AI & ML

Part 1: How an LLM Actually Works: It Has No Memory

Part 1 of the Building with LLMs series. An LLM is a stateless function: prompt in, response out. It remembers nothing, so you resend the whole chain.

Krishna C
Krishna C

April 14, 2026

7 min read

TL;DR

An LLM is a stateless function. You send it text, it sends text back, and it forgets everything the moment it responds. It has no built-in memory. If you want it to "remember" your conversation, you resend the entire chain every single turn. Once you get this, the rest of agentic AI starts to make sense.

A lot of people I know keep asking me the same thing. Colleagues, friends, folks who haven't touched the Agentic world yet. Where do I start? How do I start? Should I even bother learning this at all?

You should start, and you should start now. The way things are going, knowing how to build with LLMs and agents won't be a nice skill to have. It'll be non-negotiable, the same way knowing how to use a computer became non-negotiable.

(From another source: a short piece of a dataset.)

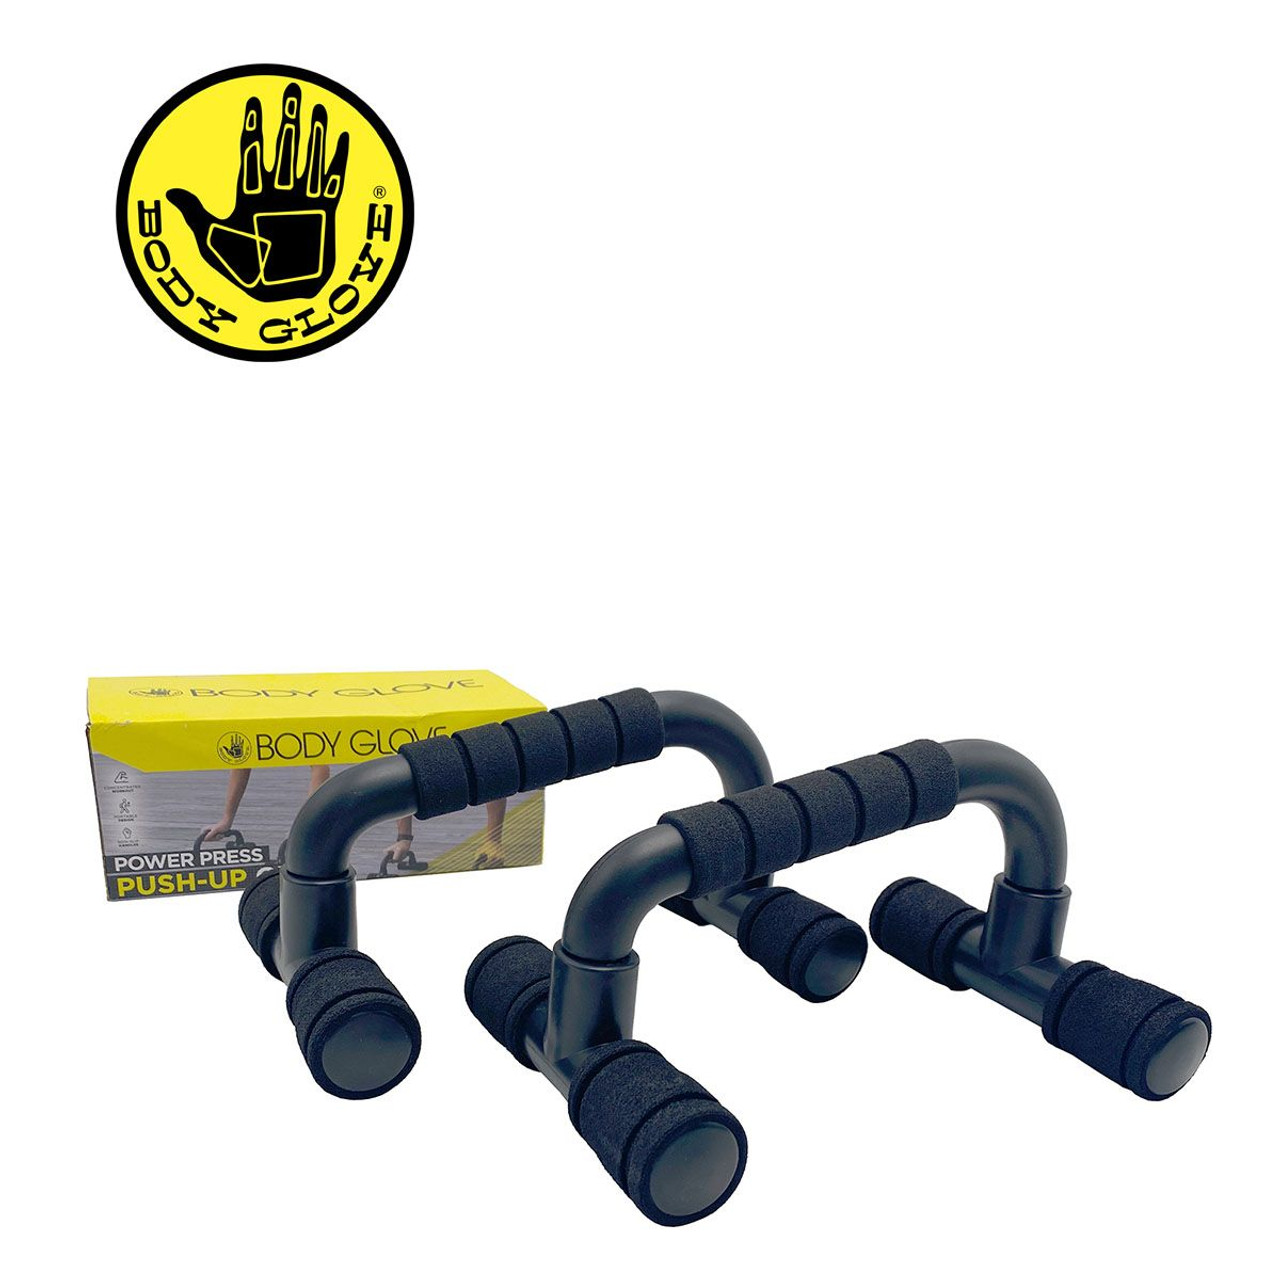 Body Glove® Power Press Push-up Bars product image

That's why I'm writing this series. Not theory I picked up from a paper. This is what I know from building these systems, written the way I'd explain it to a friend asking where to begin. Each part builds on the last.

Most people think an LLM is like a chatbot that knows you. It doesn't. It's closer to a calculator. You press buttons, you get a number, and the calculator has no idea you used it five seconds ago. An LLM works the same way, just with text instead of numbers.

An LLM Is Just a Function

Think back to math class. A function takes an input and gives you an output. Same input, same kind of output. Nothing is stored between calls.

An LLM is that, at a huge scale. The input is text. The output is text. There is no hidden state carried over from your last question.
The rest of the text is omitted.